Special Issue "Reliability and Optimization for Engineering Design"

A special issue of Sustainability (ISSN 2071-1050). This special issue belongs to the section "Sustainable Engineering and Science".

Deadline for manuscript submissions: 31 December 2021.

Special Issue Editors

Prof. Dr. Yi Zhang
E-Mail Website
Guest Editor
School of Civil Engineering, Tsinghua University, Beijing, China
Interests: reliability analysis; risk analysis; structural health monitoring
Dr. Lei Huang
E-Mail Website
Guest Editor
Department of Civil Engineering, Hong Kong Polytechnic University, Hong Kong, China
Interests: geotechnical reliability analysis
Dr. Zeyu Wang
E-Mail Website
Guest Editor
School of Civil Engineering, Tsinghua University, Beijing, China
Interests: structural reliability; uncertainty quantification; Bayesian updating; surrogate modeling; machine learning

Special Issue Information

Dear Colleagues,

The ability of the engineering component or system to maintain the performance requirements for some time period and environmental conditions can be defined as its reliability in engineering design. When conducting reliability assessment for an engineering structure, uncertainties are significantly influential to the estimates. The uncertainties can be associated with structural resistance, such as material properties and geometric characteristics. For the lifecycle performance of an structure, the occurrence of deterioration scenarios and hazards (e.g., corrosion of rebars, earthquake, and typhoon) should also be considered uncertainties.
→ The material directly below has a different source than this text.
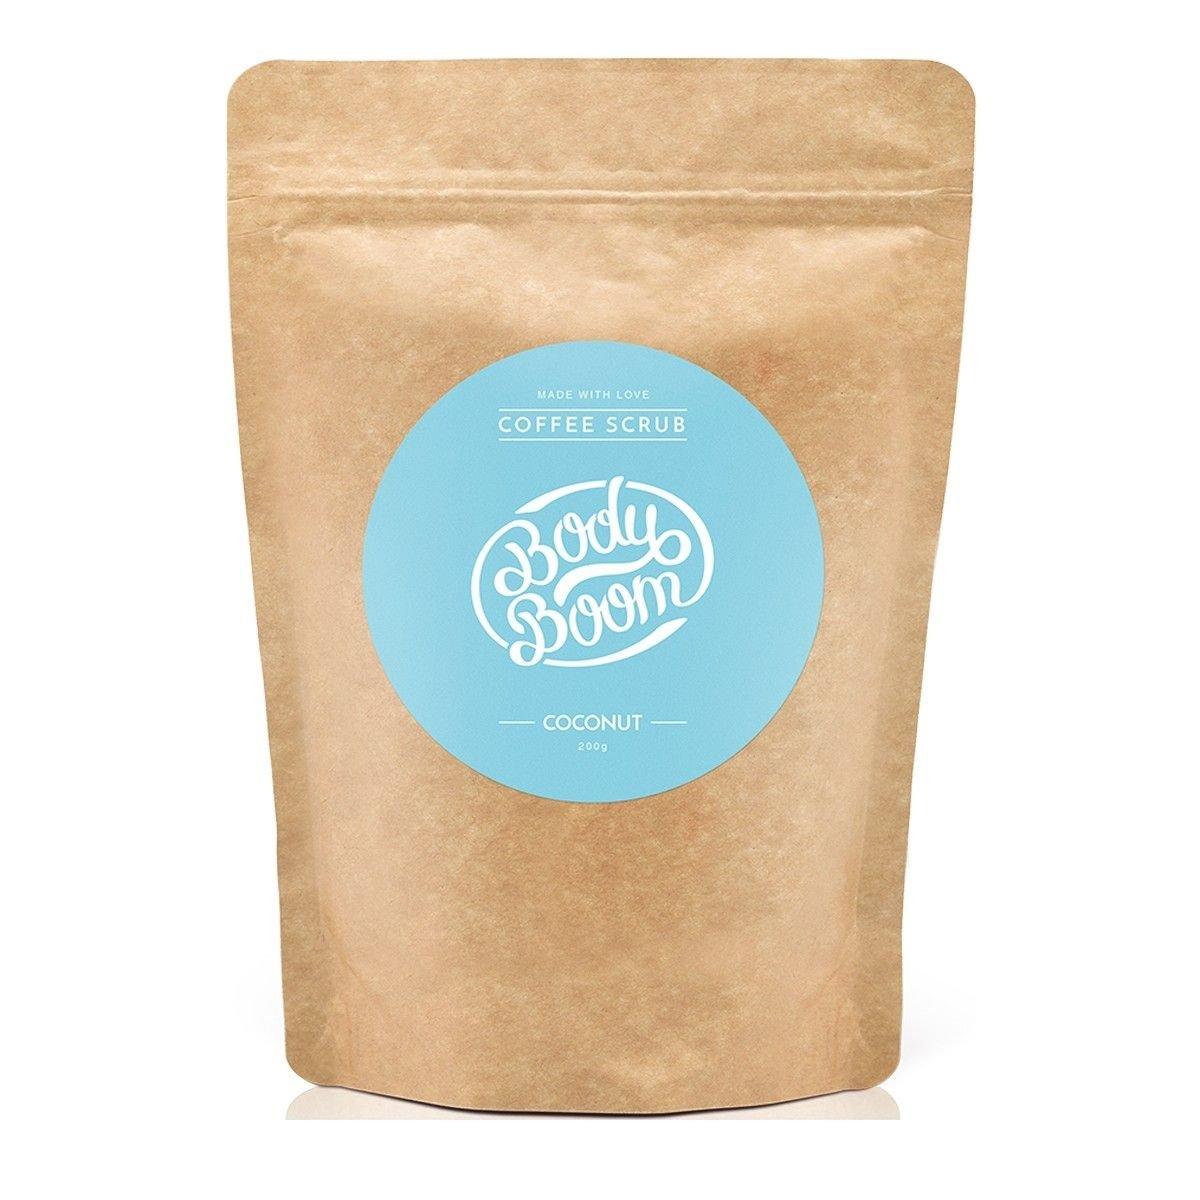 Afbeelding van Bodyboom Coffee Scrub Coconut Bodyscrub Beauty

Additionally, the loading cases are significant sources of uncertainties, and geotechnical uncertainties (e.g., spatial variability of soils, simplification of geotechnical models and stratigraphic uncertainties) are crucial in geotechnical reliability assessment. Those uncertainties can be considered random variables in engineering reliability analysis. With the mean, variance, and probability distribution function of the random variables, the probability of failure and reliability index can be computed using statistical methods. These methods include Monte Carlo simulation methods, first/second order reliability method (FORM/SORM), first order second moment method (FOSM), subset simulation, importance sampling methods and surrogate-based methods, etc.
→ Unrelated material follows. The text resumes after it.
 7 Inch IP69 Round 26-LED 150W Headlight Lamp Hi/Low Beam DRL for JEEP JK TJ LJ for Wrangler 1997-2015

Apart from assessing the engineering reliability, uncertainties should also be incorporated in the decision-making process (e.g., maintenance plan detailing the type and timing of interventions), where the three risk attributes (i.e., economic, social, and environmental impacts) should be balanced with the structural performance. To this end, optimization techniques can be adopted to find a solution that can maximize the utility value to the consequences considering each alternative. For example, the sustainability performance indicator can be adopted to quantify sustainability-based performance, based on which optimal maintenance planning can be obtained by optimization methods while balancing the structural performance and cost.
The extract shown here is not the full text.